We still believe that it should be Parliament, not Ministers, that decides exit day for the various purposes in the Bill. Our amendment 1 helpfully bolsters the position set out by the Prime Minister in the Florence speech by ensuring that this Bill can facilitate transitional arrangements on the same terms as now.

Given that this is, of course, Government policy, it is a wonder that the Government did not bring forward such an amendment themselves. They did not do so because they cannot agree on what the transition means. There can be no clearer evidence for that than the recent appointment of the hon. Member for Fareham (Suella Fernandes) to the Department for Exiting the European Union team, given her past form in seeking to actively undermine the policy position set out in the Florence speech by encouraging her colleagues to sign a European Research Group letter to the Prime Minister objecting to crucial aspects of it. It is ironic that those Tory MPs who voted for amendment 7 back in December are viewed by many as having betrayed the Government, while those who actively undermine stated Government policy appear to get promoted in quick succession.

Amendment 1 is simply an attempt to restore some common sense to the question of exit day for the purposes of this Bill.

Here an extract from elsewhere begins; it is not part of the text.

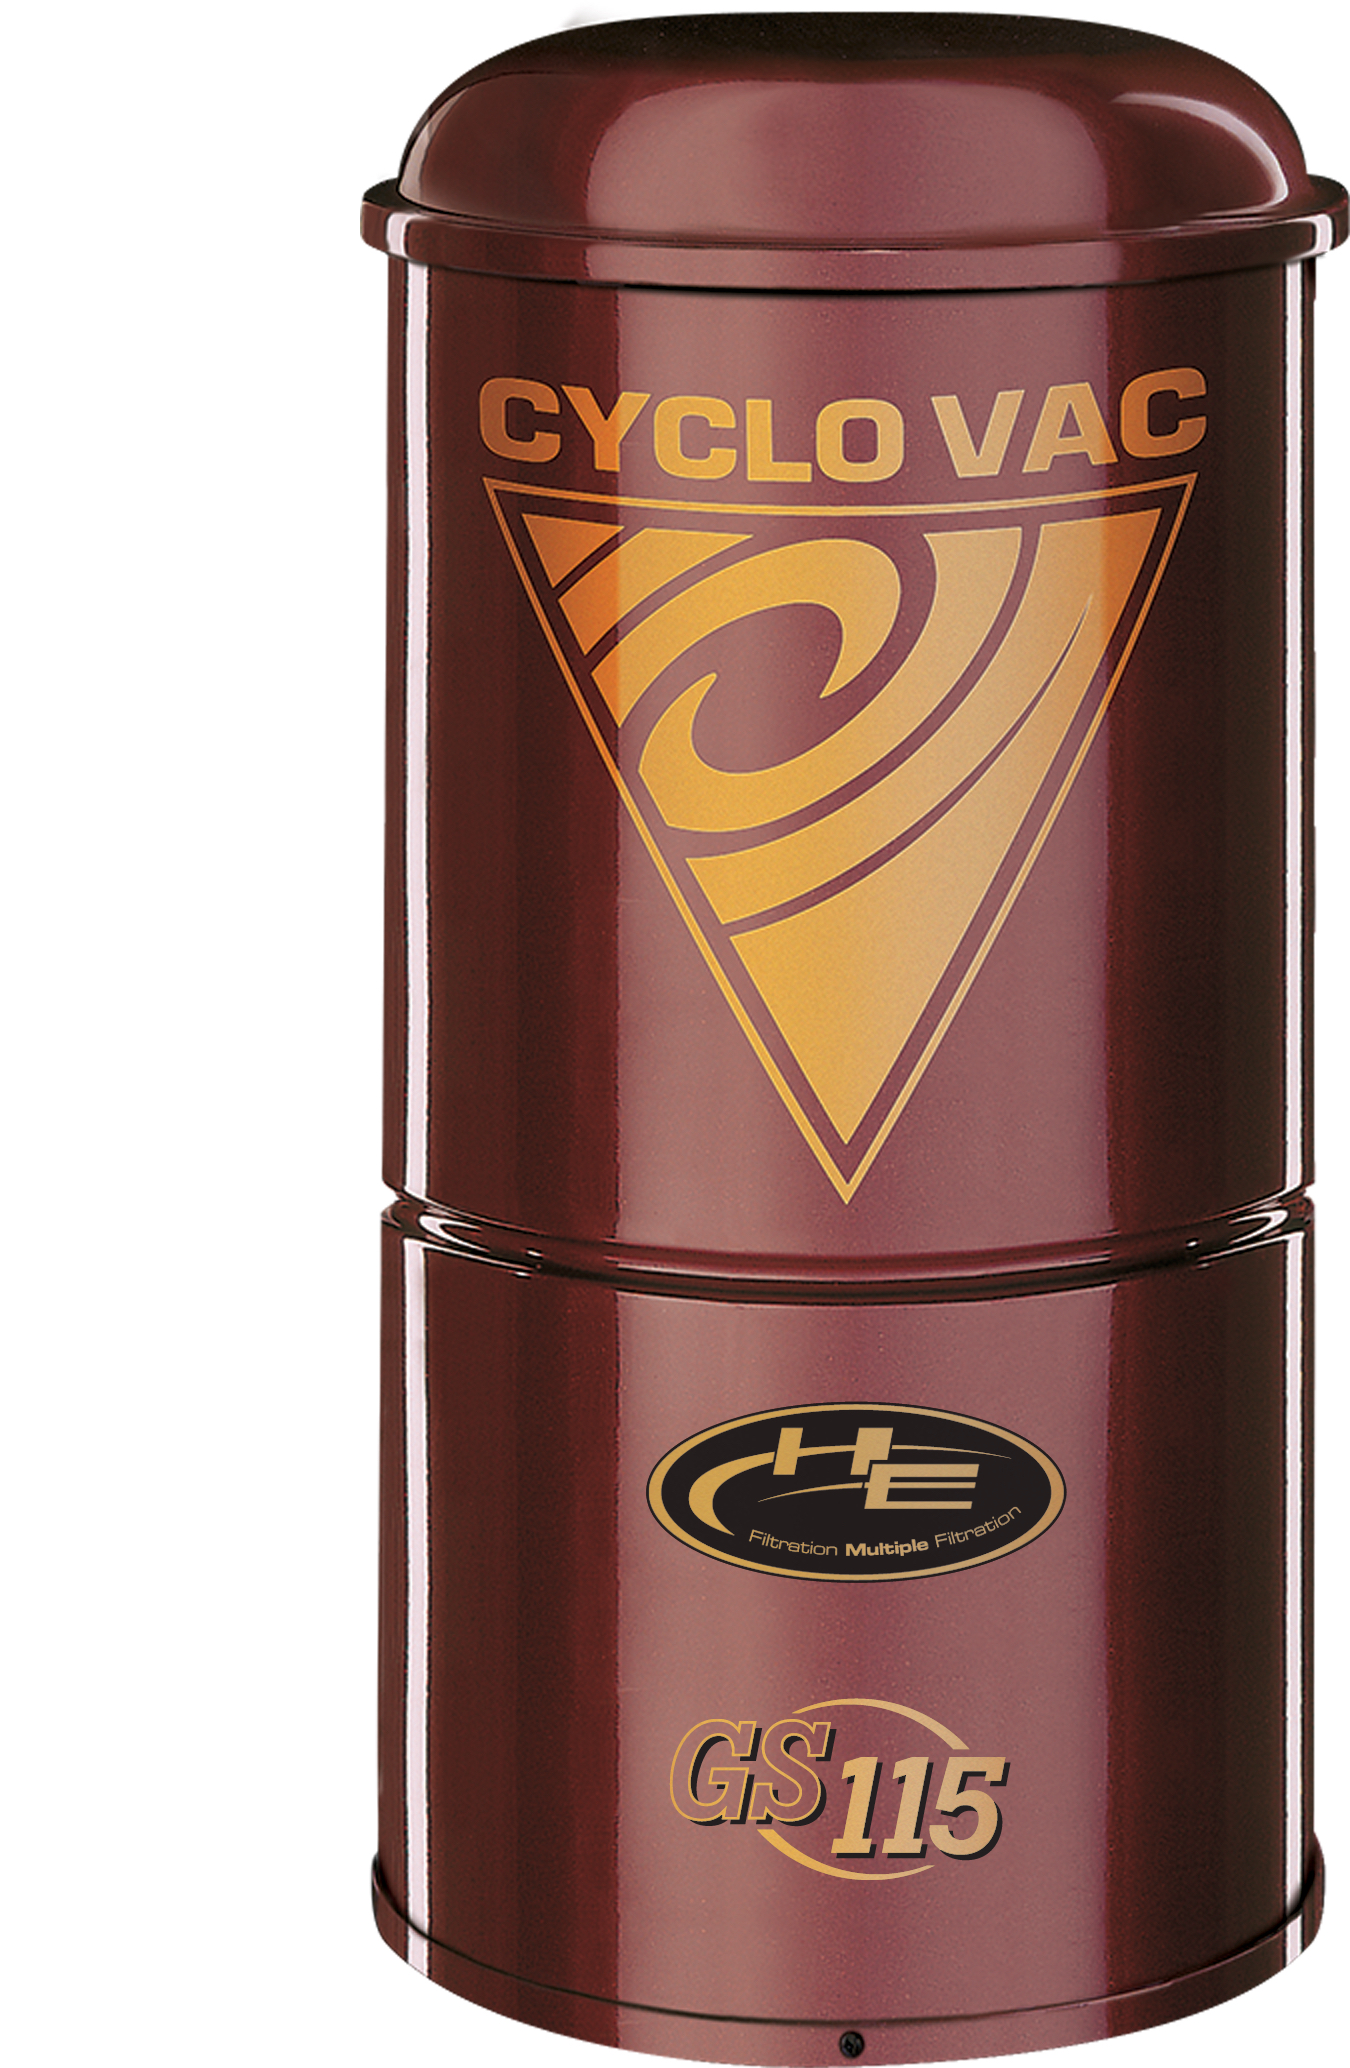 Cyclo Vac GS 115

It would ensure that this Bill can facilitate any transitional arrangements agreed as part of the article 50 negotiations and that we avoid the ludicrous situation of potentially having to come back to amend this Bill in order to do so. It is in line with stated Government policy, and we therefore look forward to the Government not only accepting it, but welcoming it.

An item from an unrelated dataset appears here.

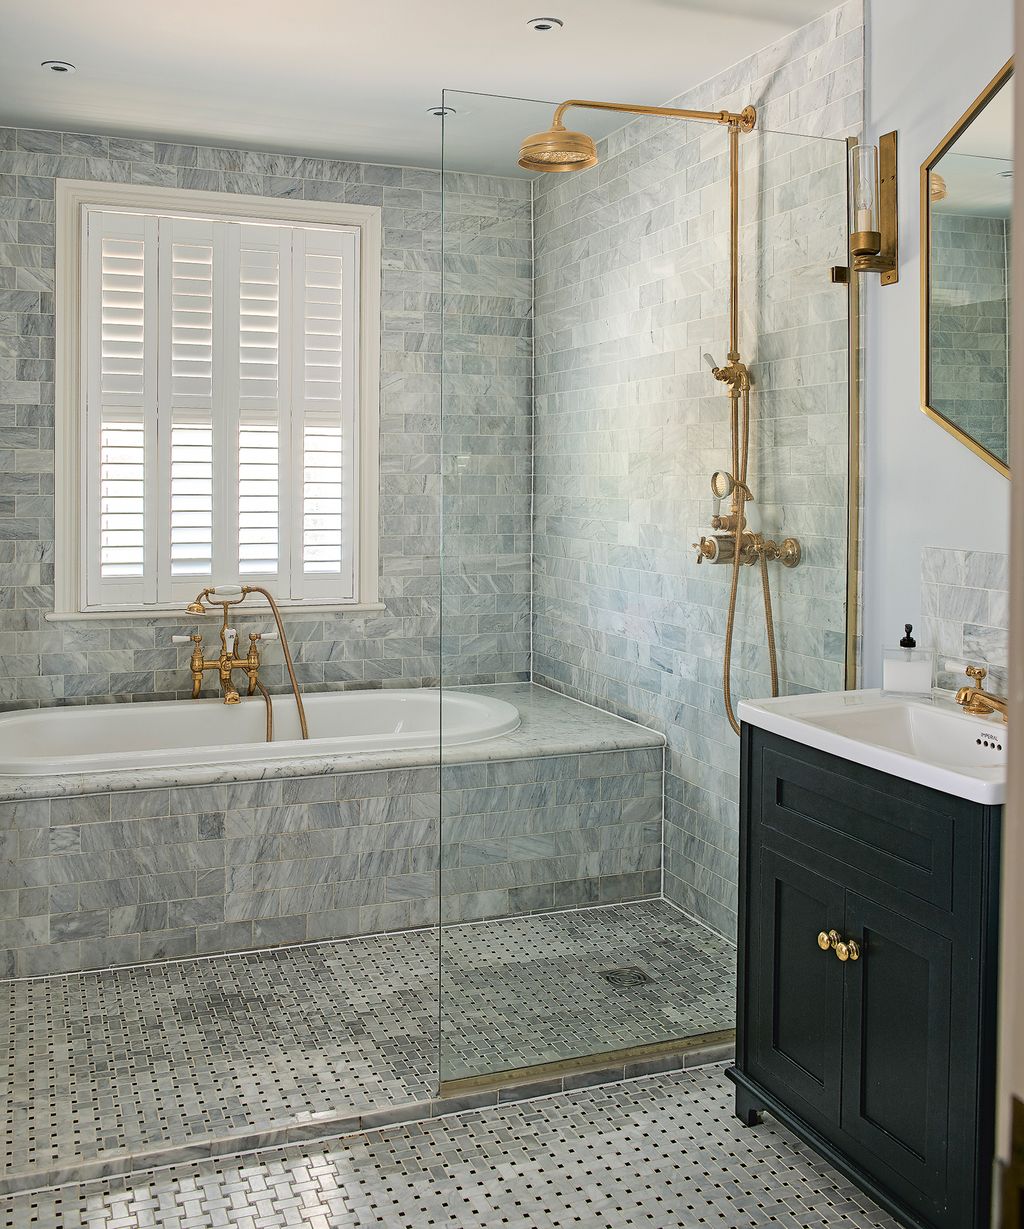 Shower tile ideas: 15 smart ways to tile a bathroom shower | Homes ...

The Opposition have made it clear from the outset that a Bill of this kind is necessary to disentangle ourselves from the European Union’s legal structures and to ensure that we have a functioning statute book on the day we leave. But as we argued on Second Reading in September last year, this Bill is a fundamentally flawed piece of legislation. Sadly, despite the small number of welcome concessions, and the implications for the legislation of the defeat the Government suffered at the hands of amendment 7 and the right hon. and learned Member for Beaconsfield (Mr Grieve) on 12 December, it remains a fundamentally flawed Bill. Those flaws still need to be addressed either by this House today or in the other place, and on that basis I urge all hon. Members to support new clause 1 and amendments 2 and 1.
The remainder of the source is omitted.